Recognizing this history, what universal lessons, if any, are specific to lawyers and judges? Why did the lawyers and judges prove to be so weak, pliable, and accommodating? I will not even get into the how this could have happened. There are so many related questions and inquiries.
Experience shows the necessity for the rule of law and an independent judiciary, regardless of social system. I would say that is true under capitalism, socialism or really any system. Without the rule of law and an independent judiciary, there is no ultimate protection for individuals who are different because of religion, race, sex, sexual preference or political perspective (and even that may not be enough). The history of fascism shows what happens when legal machinery is fastened to a totalitarian project. The law transforms into a form of justification for ludicrous ends. The often tenuous relationship between law and justice is sundered. Lawyers and judges become mouthpieces for monsters.

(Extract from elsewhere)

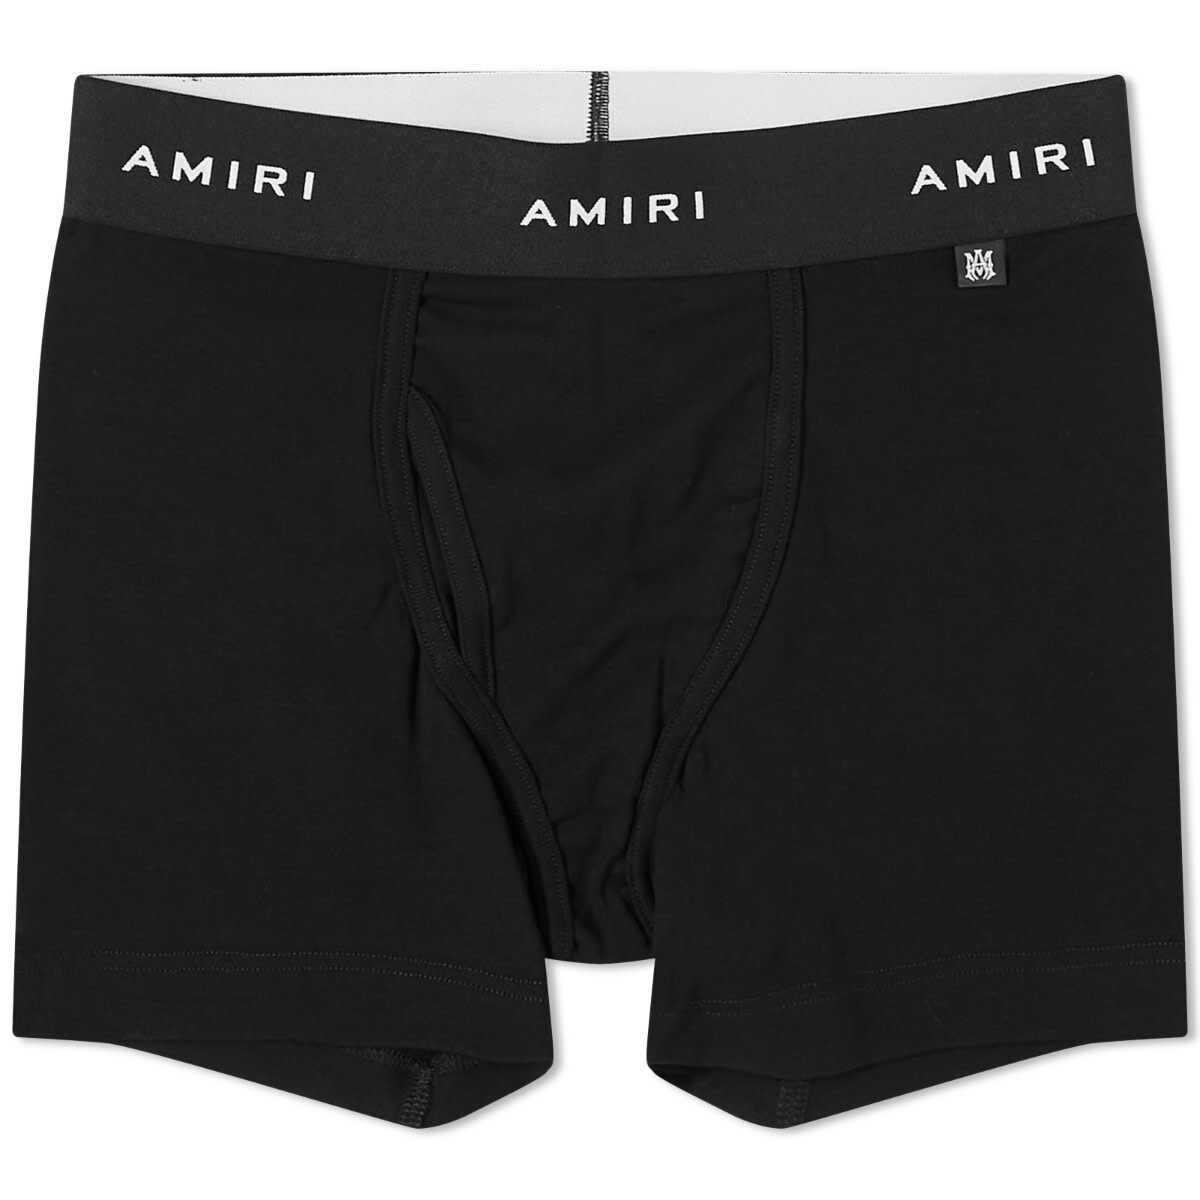 AMIRI Men's Label Boxer Shorts in Black

The roles of lawyer and judge are both subject to opportunism and careerism. The perception of personal advancement can dictate going along, not rocking any boat, and, as happened with Nazism, degenerating into moral bankruptcy. Why so many went along and so few resisted is sobering. Personal profit, fear, anti-semitism, and a sick pride in being part of the Volk may all be reasons. Some took advantage of Jewish misfortune and did personally profit.
The idea of universal human rights was apparently an abstraction with no payoffs. It doesn’t appear too many lawyers or judges calculated there was a problem when the anti-Jewish laws came along. Demonizing the other apparently resulted in a stronger feeling of identity for the remaining members of the profession. For those who may have harbored doubts, the cost/benefit ratio probably was cautionary. As the Nazis consolidated power, the risks in opposition heightened. Nevertheless, the lack of principled opposition to the Nazis is a permanent stain and a forever disgrace on the German legal profession.
While beyond the scope of this blog entry, the lack of accountability for Nazi era behavior by the German Bar and Judiciary after the war is another story deserving of more attention. The broad community of lawyers and judges escaped any day of reckoning. But that is a subject for another day…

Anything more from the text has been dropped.